Step 3: Take appropriate actions on the source device If you identify a specific device causing the broadcast flooding, take the necessary steps to address the issue on that device. This may involve scanning the device for malware, updating software, or reconfiguring network settings.

Step 4: Implement network-level controls To mitigate the impact of broadcast flooding, implement network-level controls on your Cisco ASA firewall.
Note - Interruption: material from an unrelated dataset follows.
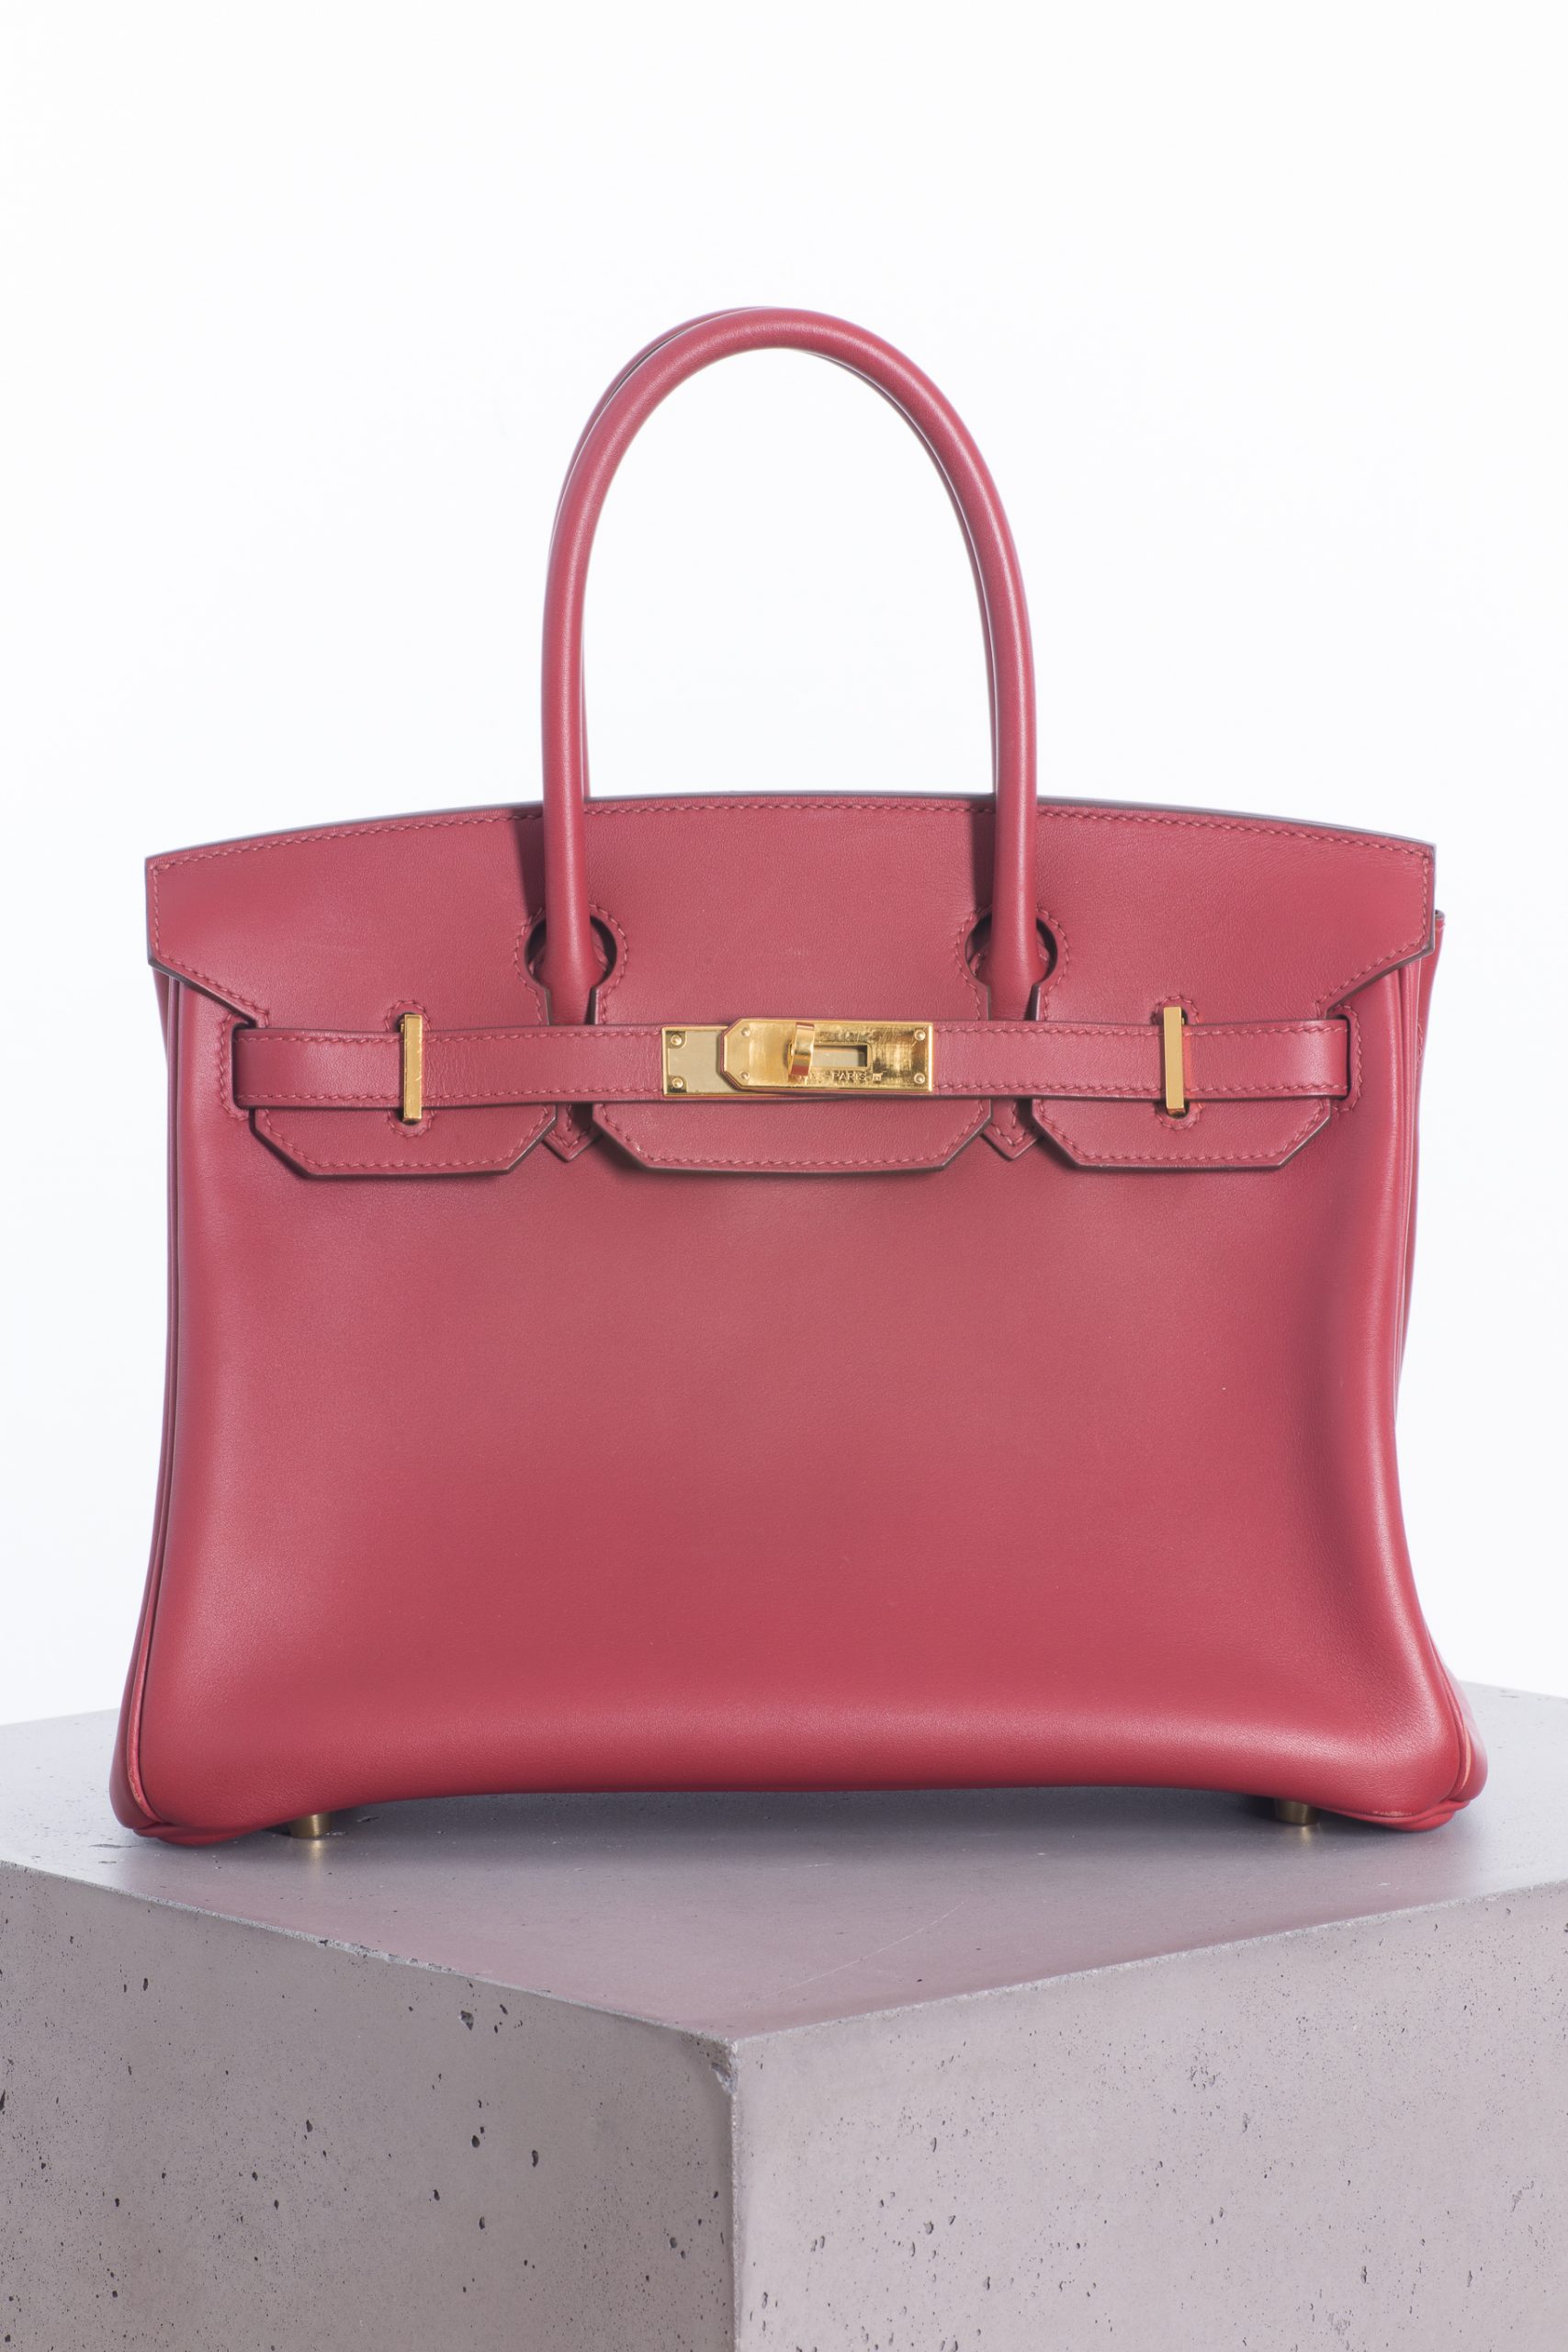 Chanel bag - Huntessa Luxury Online Consignment Boutique

Consider the following commands:

asa(config)# access-list broadcast-control extended deny ip any any log
asa(config)# access-group broadcast-control in interface inside
asa(config)# access-list rate-limit extended permit ip any any
asa(config)# class-map rate-limit
asa(config-cmap)# match access-list rate-limit
asa(config-cmap)# exit
asa(config)# policy-map rate-limit-policy
asa(config-pmap)# class rate-limit
asa(config-pmap-c)# police input 1000000 8000
asa(config-pmap-c)# police output 1000000 8000
asa(config-pmap-c)# exit
asa(config-pmap)# exit
asa(config)# service-policy rate-limit-policy interface inside
The above commands implement an access control list (ACL) to deny IP traffic and log it, as well as rate-limiting controls to limit the rate of incoming and outgoing traffic on the inside interface of the Cisco ASA firewall.

Step 5: Apply security patches and updates Ensure that both the Cisco ASA firewall and the Windows desktop have the latest security patches and updates installed. This helps address any known vulnerabilities that could be exploited to cause broadcast flooding or other malicious activities.

Step 6: Monitor network traffic continuously Enable logging on the Cisco ASA firewall to monitor network traffic continuously. Review the logs and alerts regularly to detect any abnormal or suspicious traffic patterns and take appropriate actions.